Thanks for all the replies, guys! Although @bestmomo his first answer solved my particular problem, it didn't actually answer my initial question: How to lock a table for the lifetime of a request?

@codeatbusiness thanks for the links to the source code. It's good to know there are possibilities in Laravel's codebase to solve my problem. However, I'm not quite sure how to implement this.

@SachinAgarwal I did read this in the documentation. But I think it's not that clear how to use pessimistic locking. If I use sharedLock or lockForUpdate, what does it do? Do I have to unlock lockForUpdate after all my queries are finished? And what does sharedLock mean?

@pmall thanks for the DB::transaction method, I think this might be a possible way to go about it. But after @bestmomo's reply "I dont see how transaction avoid this issue.", I'm not sure if I could use transactions. @bestmomo : could you explain why this solution doesn't avoid this issue?

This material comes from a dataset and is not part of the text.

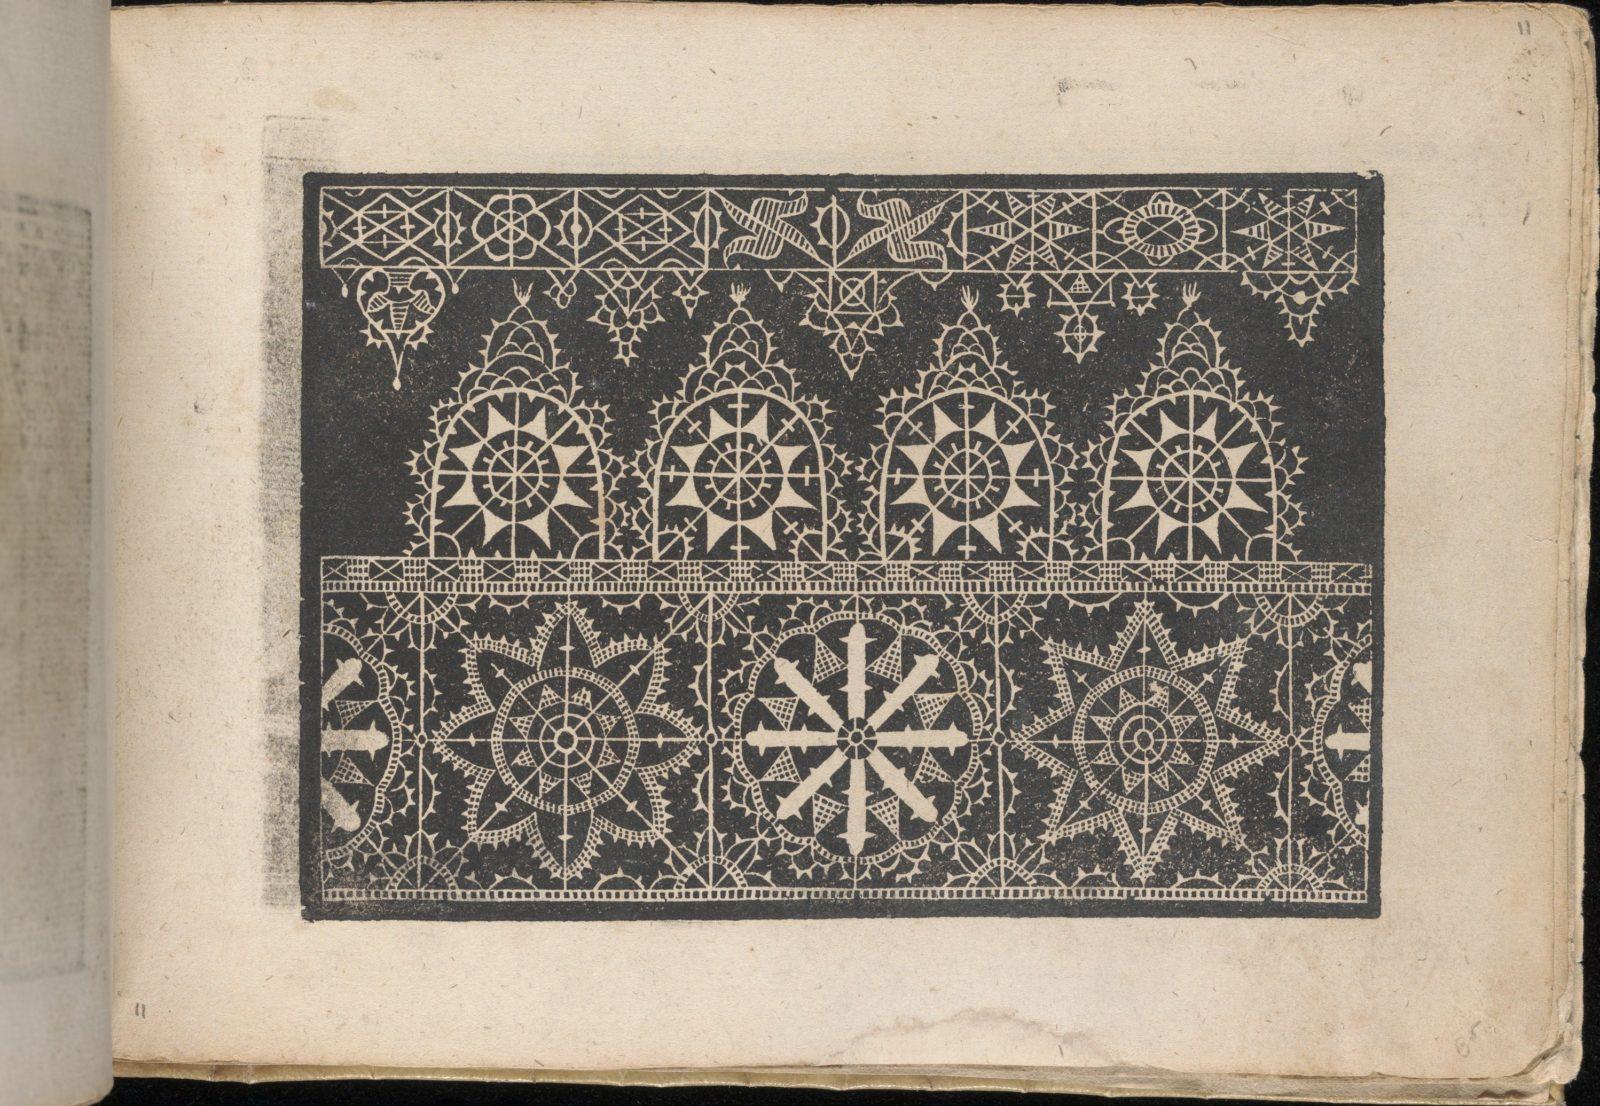 Fiori di Ricami Nuovamente Posti in Luce, page 11 (recto)

A long story short: How do I lock a table for writing until the first user completed his bid? Or: How do I prevent a second user for executing his read and write request to the database before the first user's request is finished?

SachinAgarwal's avatar

@creativeorange Sorry, My bad, you cannot lock table for writing with pessimistic lock. You can lock only for reading and updating.
@bestmomo gave you the answer. I would suggest the same as you will have a time gap. its very rare case when 2 transactions take place at same time. :)

creativeorange's avatar

Okay, to recapulate: I have three (maybe more) options.

  1. The solution @bestmomo gave me (and the one I will use). In my schema: $table->unique(['auction_id', 'amount']);
  2. Lock the table, execute the READ and WRITE queries and unlock the table. After doing some more research very many developers, among @jimmck, advice against this solution. Especially because other parts of my application use this table as well.
  3. Writing a stored procedure. This might be a good solution as well, but I think a stored procedure would be a bit overkill.

Thanks @bestmomo, @SachinAgarwal, @jimmck and @codeatbusiness for all the replies and the effort you guys put in answering my question.

jimmck's avatar

I humbly believe you will find the unique index solution to make your very slow as the number of bids per item increase. The cost of scanning the index on each insert plus the handing of the error can be prohibitive. Also many developers are taught not to rely on Exceptions and system error handling as a means of process control. See Josh Bloch author of Effective Java. I know its PHP, but good design is language agnostic. Not to trumpet my idea over others, but database Stored procedures are bread & butter tasks in day to day DB coding. Databases today provide ample tools to solve concurrency issues. Which begs the question what database aren you using? Jim

creativeorange's avatar

Thanks @jimmck! I really appreciate your reply. You convinced me to take stored procedures under consideration and I will try this out next monday. I will post my code here.